- Education: Pomona College (BA) New York University (MA)
- Occupation: Journalist
- Known for: The Atlantic

= Conor Friedersdorf =

American journalist

Conor Renier Friedersdorf is an American journalist and a staff writer at The Atlantic.

== Early life and career ==
He attended Pomona College as an undergraduate, and attended the journalism school at New York University on a scholarship. After graduation from college, Friedersdorf worked for the Inland Valley Daily Bulletin. He began writing for The Atlantic in November 2009. He was an intern for The Daily Dish blog, and in 2010 was hired as senior editor and "underblogger" to Andrew Sullivan. Friedersdorf compiles on a regular basis The Best of Journalism list, which is a curated list of news articles and investigative report, that he disseminates through a newsletter.

== Views ==
In an interview with journalist Matt Lewis, Friedersdorf stated that he has right-leaning views, but that he does not consider himself to be a doctrinal conservative, nor a member of the conservative movement. Writing for The Atlantic, Friedersdorf said that he refused to vote for Barack Obama in 2012 and was supporting Gary Johnson in his bid for president as the Libertarian Party candidate.

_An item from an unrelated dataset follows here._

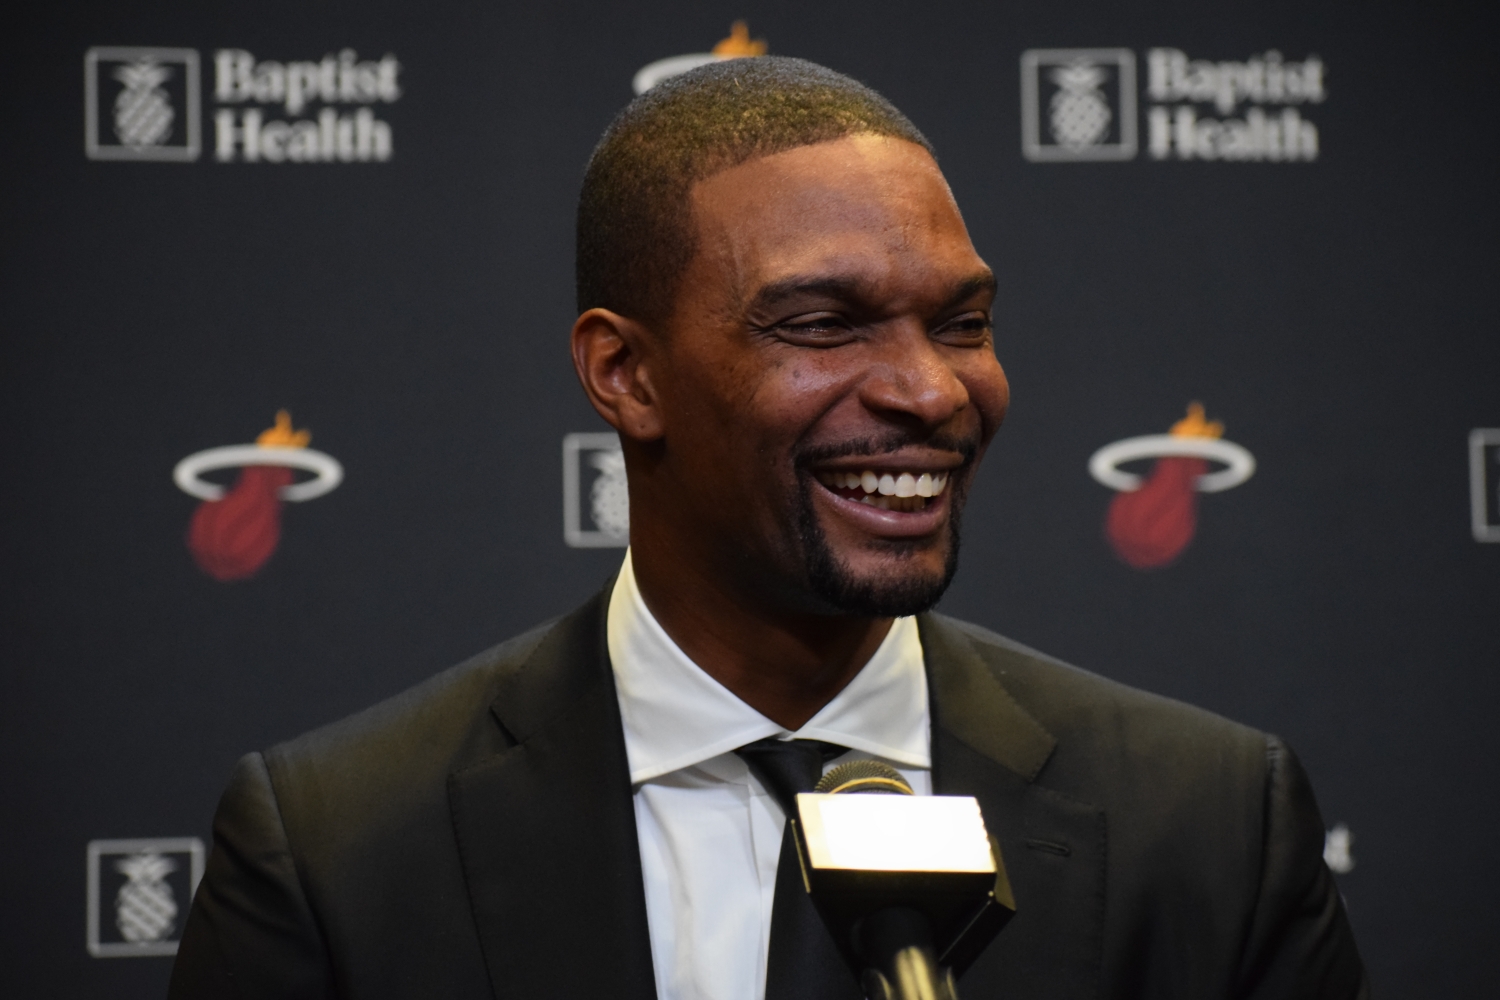 Chris Bosh reflects on career as Heat retires his jersey

Friedersdorf has written articles calling for the abolition of U.S. Immigration and Customs Enforcement and for protecting the right to protest on the Statue of Liberty. He has praised Peggy McIntosh's essay "White Privilege: Unpacking the Invisible Knapsack", saying he would encourage its study in college curriculums.

== Personal life ==
Friedersdorf grew up in Orange County, California. As of 2018, he lives in Venice, Los Angeles. Two of his grandparents were French Cajuns.